Эта преемственная связь с наследием русского философского Ренессанса проявляет себя, несомненно, и в понимании А. С. Арсеньевым природы того глобального кризиса современности, описанию и анализу которого уделено в его работах едва ли не центральное место. И даже - в той, слишком, на мой взгляд, жесткой и прямолинейной категоричности, с которой он разводит современный Запад, Восток и Россию. Запад - как носителя рационально-технологического отношения к миру, Восток - как ареал постепенного озападнивания, но все еще застойный в своей агрессивной консервации традиционных антиличностных форм социальной жизни и самого сознания, и Россию с ее аморфностью социального бытия, антиномичностью менталитета и духовных устремлений, как нечто еще исторически «недовоплощенное».
Тут, конечно, есть о чем поспорить, но то, что Россия в процессе антропогенеза до сих пор представляет собою нечто до конца еще не оформившееся и в этом смысле более открытое к восприятию и усвоению тех высших божественных импульсов, которые могут направить ее развитие в сторону решительного преодоления тупиковых путей современной цивилизации, - эта перспектива не выглядит совсем уж невозможной.
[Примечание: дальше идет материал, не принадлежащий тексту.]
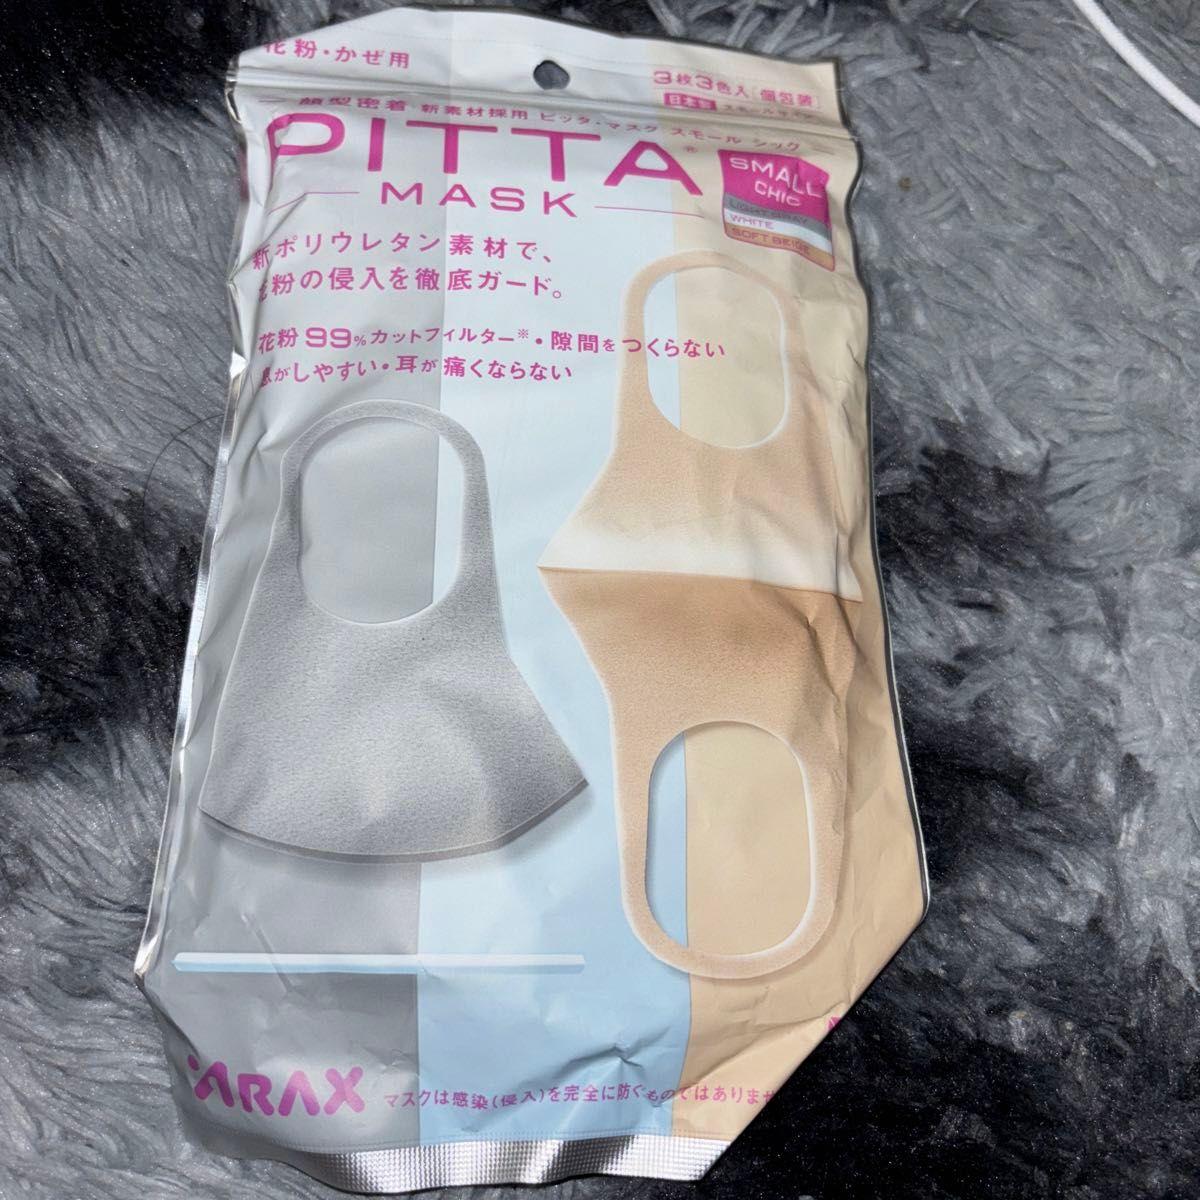 ARAX PITTA MASK SMALL CHIC LIGHT GRAY/WHITE/SOFT BEIGE 個包装 3枚セット

Во всяком случае, Анатолий Сергеевич верил в нее свято, именно здесь был центр его упований, его надежд, его аналитических изысканий, и это более всего и роднит его с его великими предшественниками.
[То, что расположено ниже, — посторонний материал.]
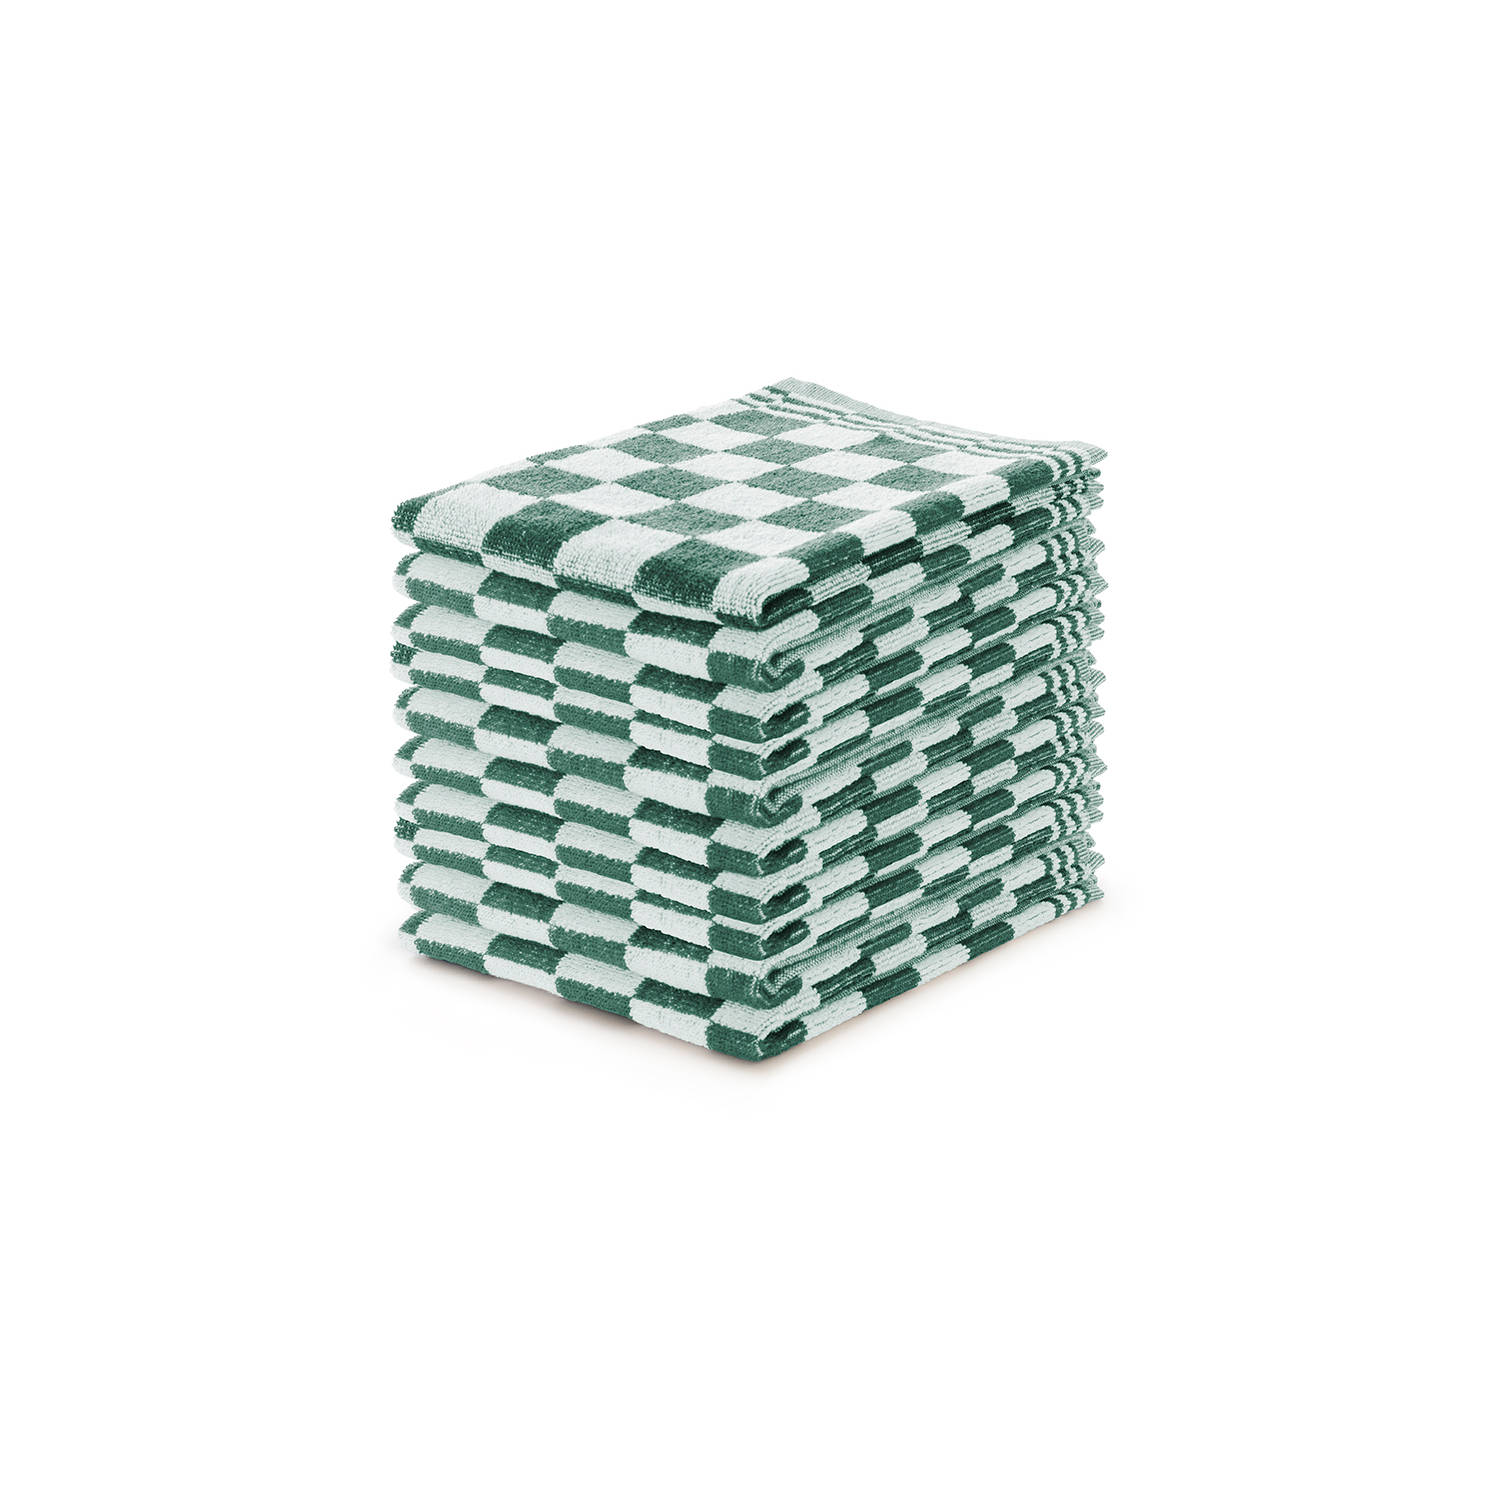 Elegance Keukendoekset Blok 50x50cm - donker groen - set van 10

Он, конечно же, такой же, если можно так выразиться, трансцендентальный романтик, какими были и они, завороженные идеей и идеалом богочеловечества. Он такой же истовый рыцарь этой веры и этой идеи, какими были В. Соловьев и Н. Бердяев, С. Булгаков и С. Франк. И это никак не означает, что он не сознавал возможности и опасности совсем другой перспективы для нашей «недовоплощенной» России. Его романтика не закрывала глаза на то, о чем предупреждала научная трезвость. Просто она была целевой, и в этом все дело. Ведь на такой подход он имел не просто полное право в качестве свободного мыслителя. Как философ, исповедовавший двухуровневую детерминацию исторического процесса, он был просто обязан занять именно такую, активную позицию, принять и на себя хотя бы частицу той ответственности, которая возникает сразу же, как только вы решаетесь принять - хотя бы в теории - участие в акте и процессе исторического целеполагания.
Он и в жизни, по самой природе своей, был такой же трансцендирую-щий романтик, как и в своей философии, - удивительно доброжелательный, расположенный к людям, всегда открытый к общению и диалогу.
Невероятно притягательна была сама его манера излагать свои мысли - с каким-то улыбчивым и как бы несколько даже недоуменным смешком, как будто он сам удивлялся и радовался неожиданной содержательности того, о чем говорил. Это придавало общению с ним некую особую, радостную прелесть.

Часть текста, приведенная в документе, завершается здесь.